In so holding we repudiated the doctrine of the Pierce case wherein it was determined that compensation was only allowable for injury or death produced or contributed by an accident. It was determined and held that the death was accidental. The about-face was far from being capricious in that the new interpretation was in harmony with the early English cases on the subject and particularly with the declaration in Clover, Clayton & Co. v. Hughes (1910), A.C. 242, 3 B.W.C.C. 775, wherein Lord MacNaghten said that "* * `injury by accident' meant nothing more than `accidental injury'," and the majority of cases in this country following the English rule. See Larson's "The Law of Workmen's Compensation", Vol. 1, Section 38.20. This majority with which we concur hold that when usual exertion leads to something actually breaking or letting go with an obvious sudden organic or structural change in the body the injury is accidental. We so held in Phelps Dodge Corporation v. De Witt, 1945, 63 Ariz. 379, 162 P.2d 605. This case presented the situation of an employee accustomed to hard labor who in picking up a tire and rim weighing 70 to 100 pounds and throwing it into a truck immediately suffered a dislocated or hemorrhaged cervical cord, resulting in temporary partial paralysis. The wholly unexpected internal disabling disarrangement was the accident.

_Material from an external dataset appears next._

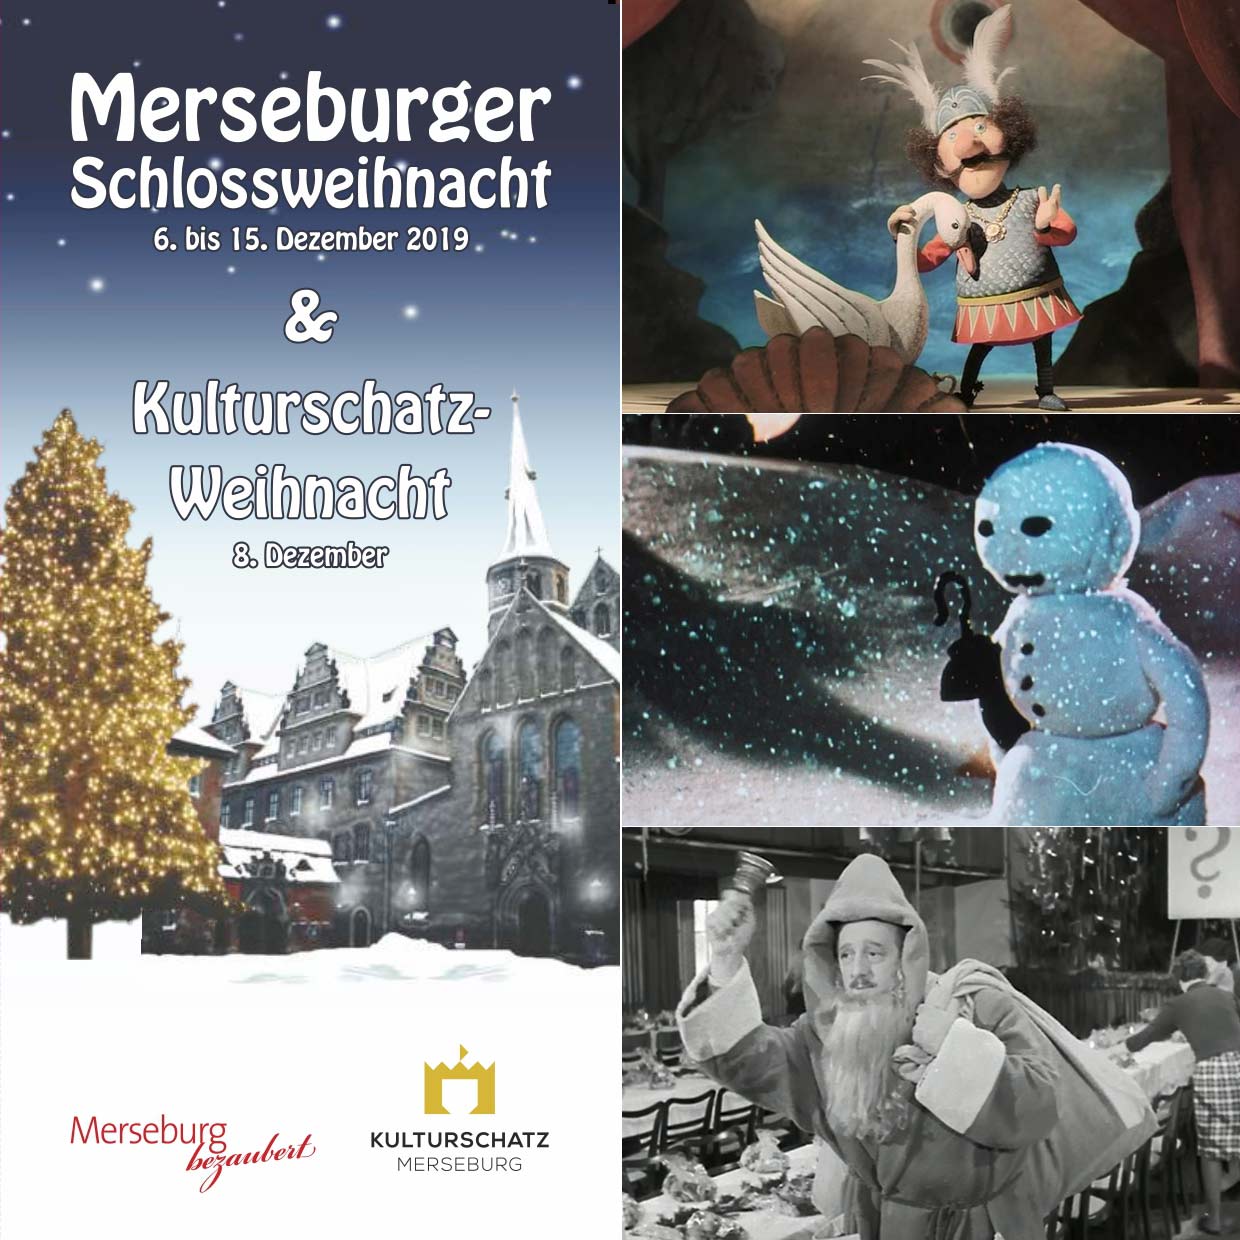 DEFA-Filme zur Kulturschatz-Weihnacht, u.a.

Of course the usual or unusual exertion must be of such quality or character and substance as to convince the fact-finding body that the injury can be traced thereto with such reasonable assurance that it can be said that the work or energy put forth caused or contributed to the injury. There must be a recognizable causal connection. The requirements of the statute will not be fulfilled merely because the employee dies on the job while doing some casual or physically inconsequential thing such as was developed in Rowe v. Goldberg Film Delivery Lines, 1937, 50 Ariz. 349, 72 P.2d 432, where the employee suffered a spontaneous pneumothorax while leaning over to pick up two small packages.

We believe that the findings of the Commission in this case are on principle *154 justified by and within the principles laid down in the De Witt case. The contrary enunciations in Jones v. Industrial Commission, supra, are disapproved.

The award is affirmed.

UDALL, WINDES, PHELPS and STRUCKMEYER, JJ., concur.